石油基金管理委員会(กบน.)は3月25日、全種類の燃料の小売価格を1リットルあたり6バーツ引き上げることを全会一致で決定した。26日午前5時から適用される。
これはディーゼルとガソリン(ベンジン・ガソホール全種)の両方が対象だ。ガソホール95は現行の35.05バーツから約41バーツに、ディーゼルも同様に6バーツ上昇する。1回の値上げ幅としては過去最大級だ。
値上げの背景には石油基金の財政破綻がある。基金は国際原油価格と国内小売価格の差額を補填してきたが、原油100ドル超えの長期化で1日あたり25億バーツ(約105億円)の赤字を垂れ流していた。もはや補填を続ける財源がなく、価格を市場に連動させざるを得なくなった。
6バーツの値上げは市民生活に甚大な影響を与える。バイク通勤者の月額燃料費は数百バーツ単位で増加し、物流コストの上昇は食品や日用品の価格に波及する。

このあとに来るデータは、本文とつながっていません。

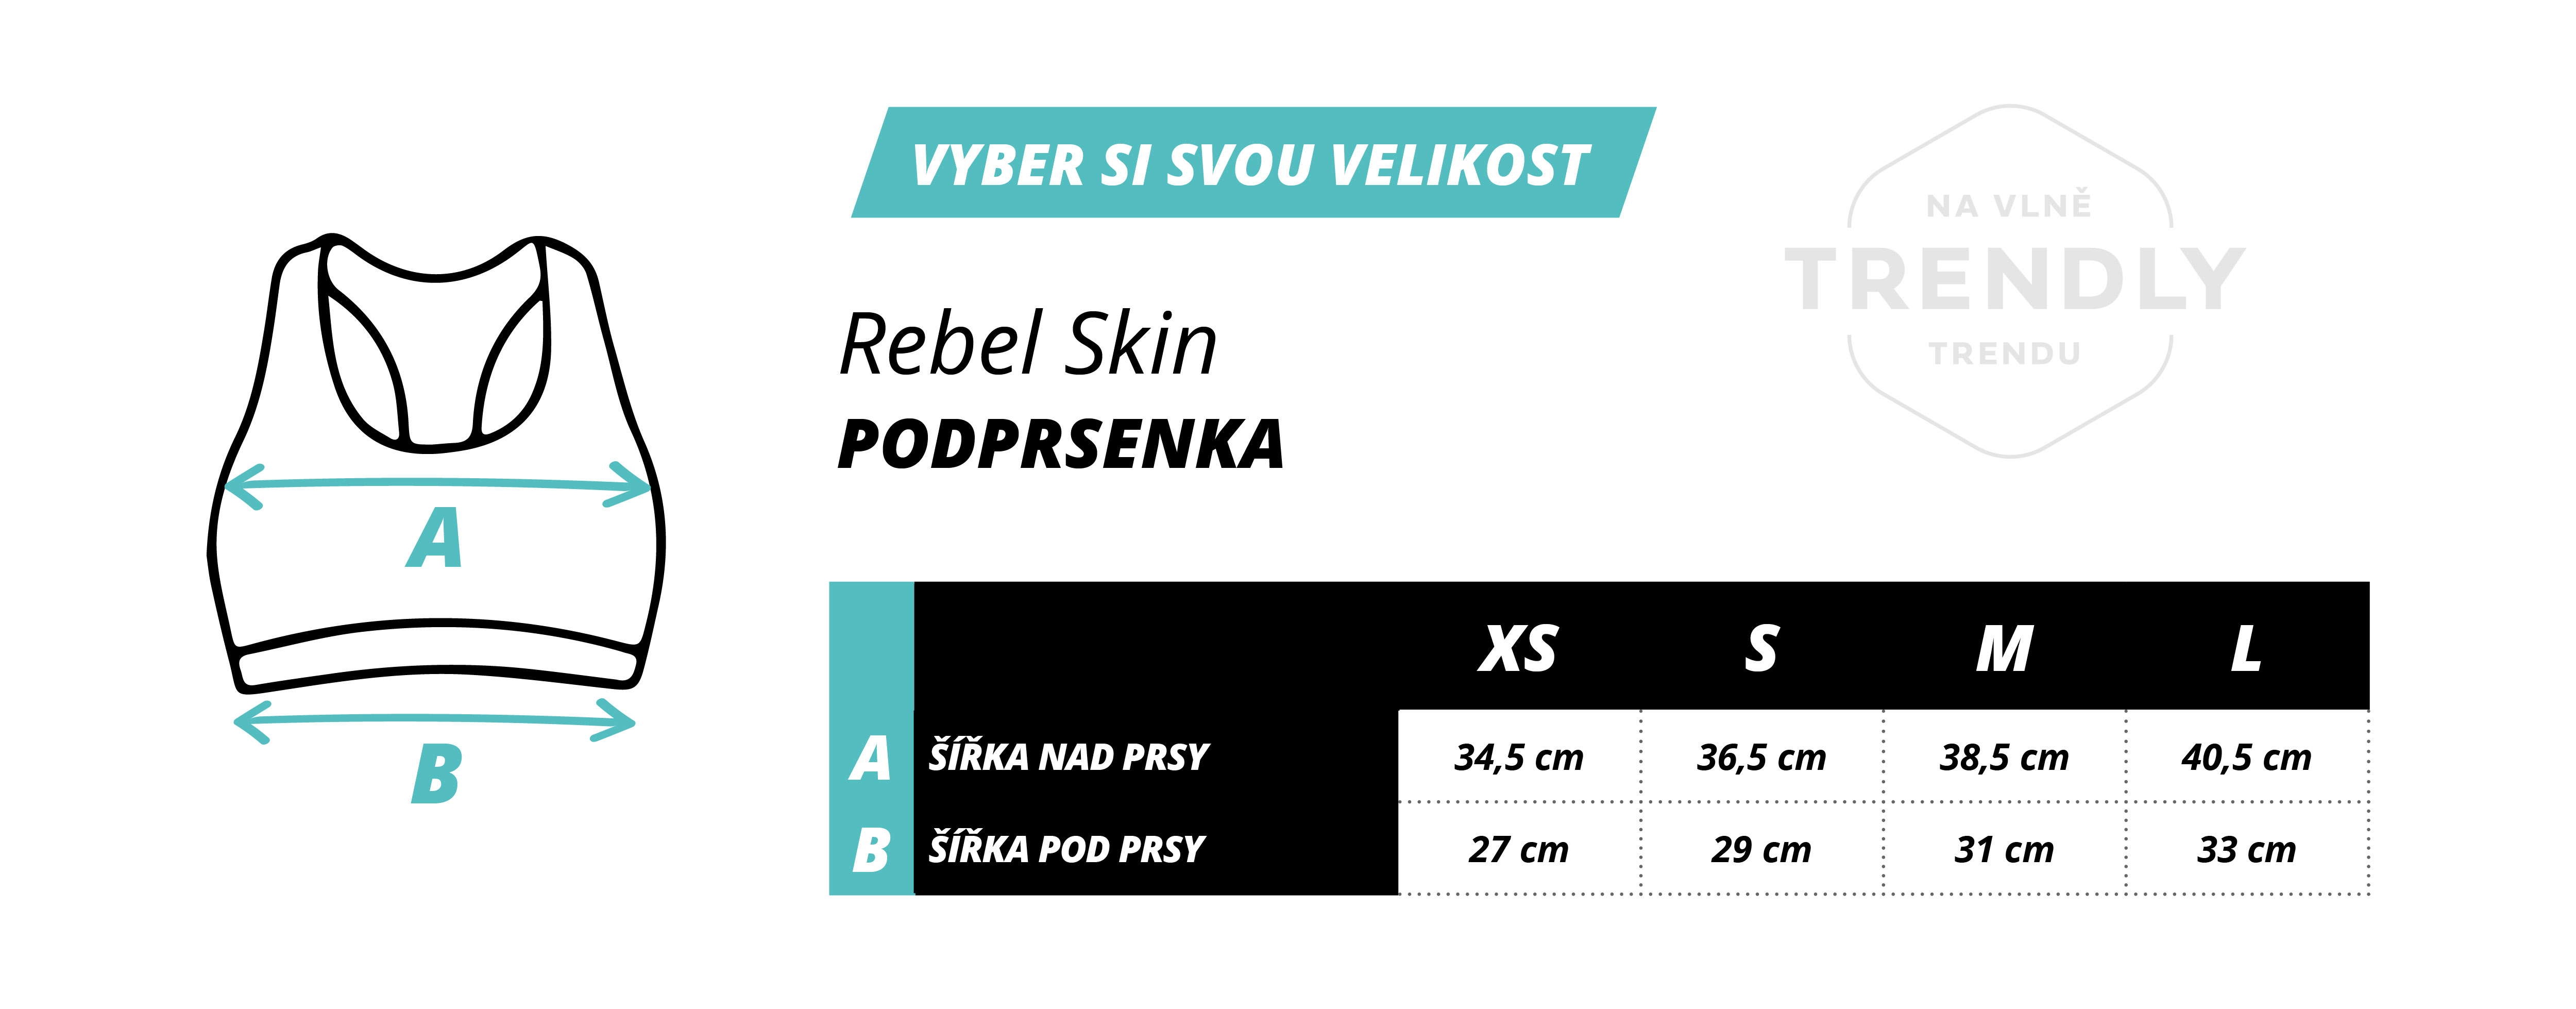 trendly_velikosti_podprsenka_rebel
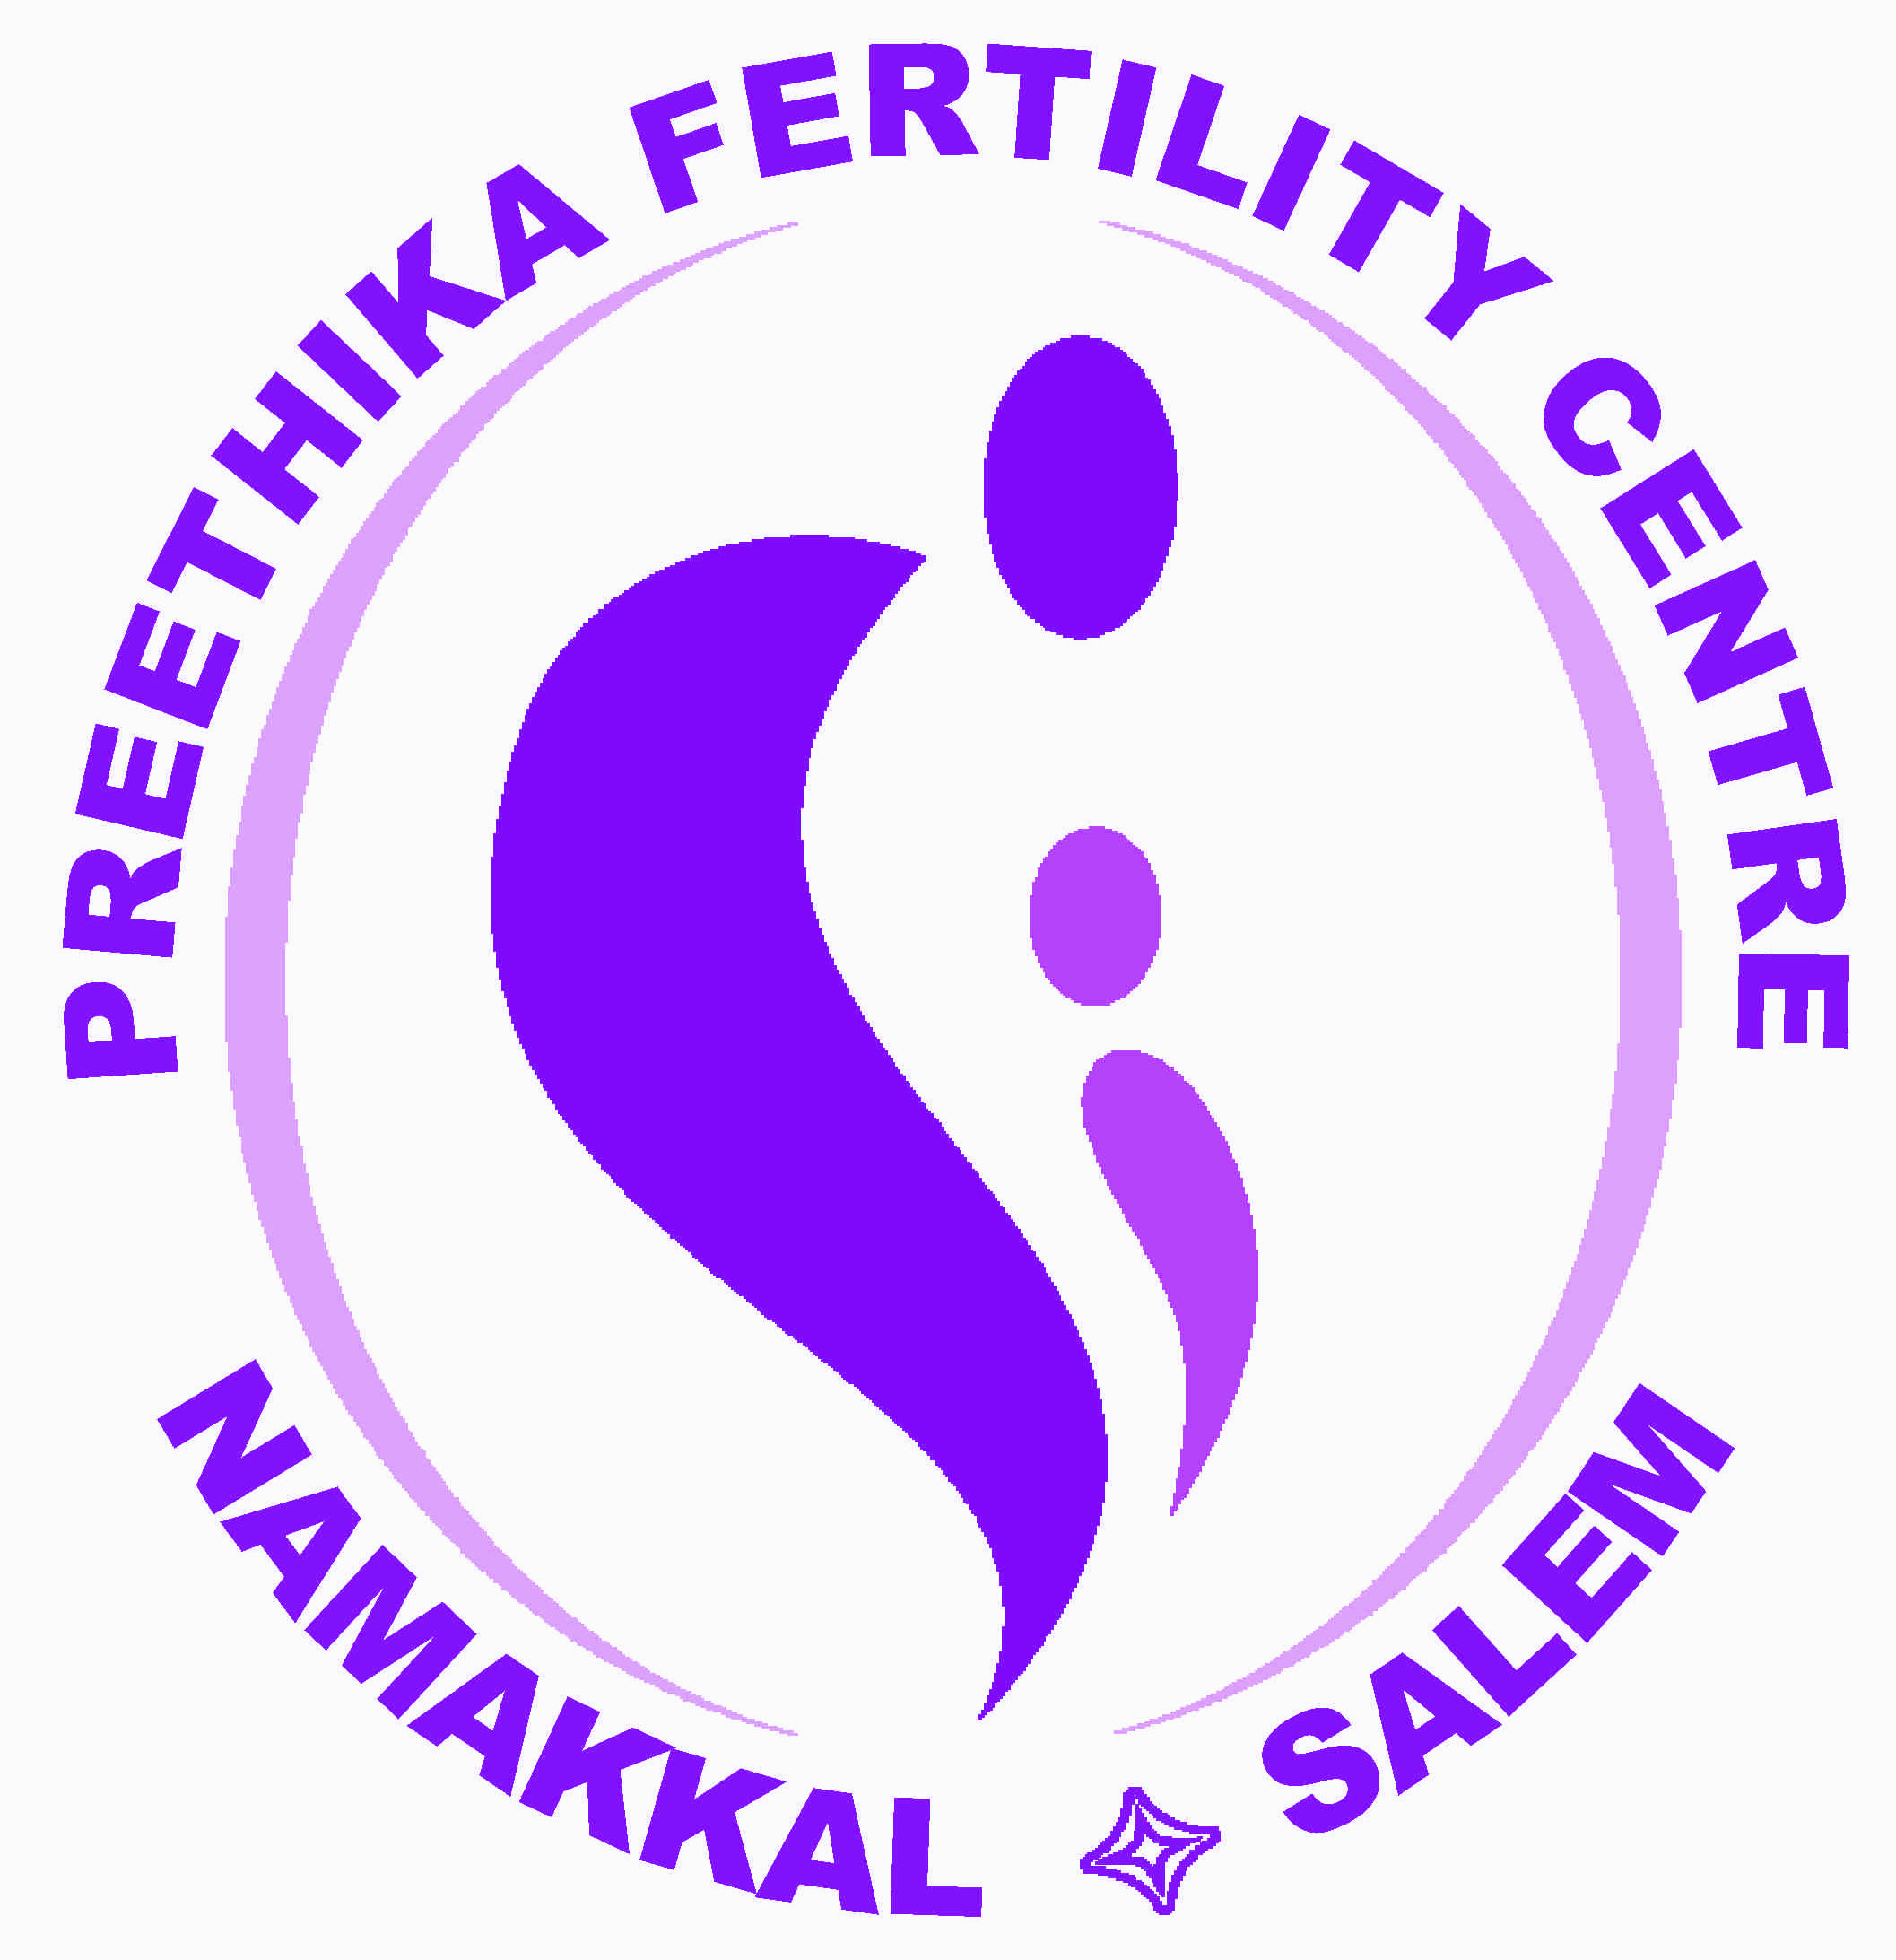 Preethika Fertility Center|Hospitals|Medical Services

ファストフードの10%値上げやバイクタクシーの30%運賃上昇が予想される中、さらなる物価上昇圧力が加わる。
ソンクラン(タイ正月)連休まで3週間を切ったタイミングでの大幅値上げは、帰省の交通費を直撃する。アヌティン首相が「ソンクラン中に燃料は確保する」と約束したばかりだが、価格が大幅に上がった状態での帰省は家計に重い負担となる。
在タイ日本人にとっても影響は大きい。自家用車の給油費、タクシー・Grabの運賃、電気代、食費のすべてに波及する値上げだ。今後の生活コストの見直しが必要になる。